Лева пожал плечами, дважды вывел в указанных местах "Шойфет Л.Л." и поставил внизу листа незамысловатую закорючку, которую не без гордости называл своим автографом.
* * * Майор Норденскольд стоял у подножия холма и неторопливо, вдумчиво озирался. Наверху царила рабочая суета – протащенные на ночь через каменное кольцо Стоунхенджа (майор, как и все участники проекта, знал, что точка перехода расположена не в самом Стоунхендже, а в небольшом менгирном кольце неподалеку, но название прилипло) контейнеры и технику спускали вниз, пользуясь при этом не столько кранами, горючее для которых приходилось тащить тем же путем, сколько грубой силой. А внизу было потише.
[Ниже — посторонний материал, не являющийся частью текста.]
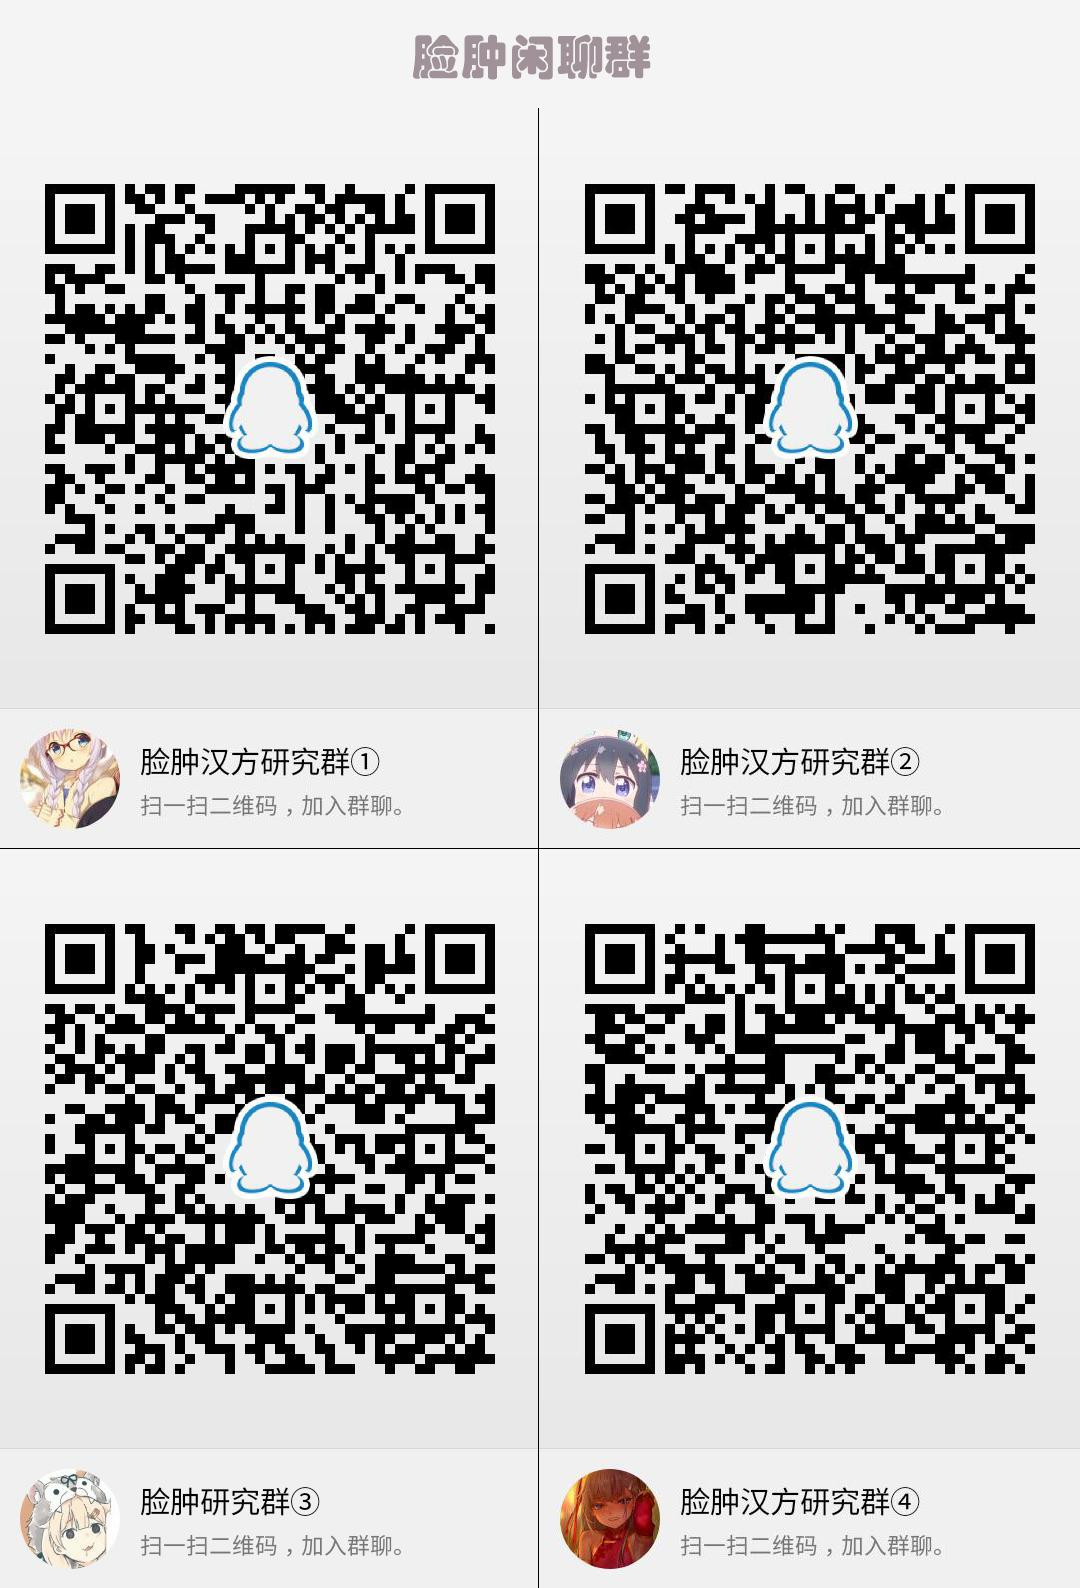 Eli-chan to Ofuro de Ecchi Suru Hon 16

Здесь можно было поднять голову в небо, не опасаясь, что тебя в следующую минуту задавит свалившимся ящиком, и долго вдыхать густой воздух, стараясь за резким запахом пролитого бензина и разогревшегося металла различить ароматы раскинувшихся вокруг лугов. Все было иным в этом мире. Чуждым, непривычным, раздражающим именно этой незнакомостью. Солнышко в небе имело отчетливый, пусть и слабый, зеленоватый оттенок, и само небо, ясное-ясное, оттого приобретало сходство с толщей чистых вод. В него хотелось смотреть и падать, каждую минуту ожидая сокрушительного прикосновения глубины. Слишком близко лежал горизонт, – глаз невольно искал его дальше, – кривизна земли в этом мире, была иной. И майору мерещилось, что и сам он стал легче, пройдя через портал. Не вполне слушались руки. Только этим утром он уронил папку на походный стол адмирала Дженнистона, вместо того чтобы уложить неслышно, и адмирал, конечно, проснулся.– Любуетесь, майор? – осведомился кто-то из-за спины.
Обри Норденскольд был слишком хорошо воспитан, чтобы с разворота врезать наглецу в челюсть, но именно это ему очень хотелось сделать.
Окликнувший его человек был невысок и бледен той нехорошей белизной, что отличает кабинетных крыс. Обри видел его в первый раз, но это ничего не значило – группу вторжения набирали из элиты вооруженных сил; на практике это означало "с бору – по сосенке, с миру – по нитке", и солдаты прибывали из самых неожиданных мест. Гораздо интереснее было то, что незнакомец был одет в штатское.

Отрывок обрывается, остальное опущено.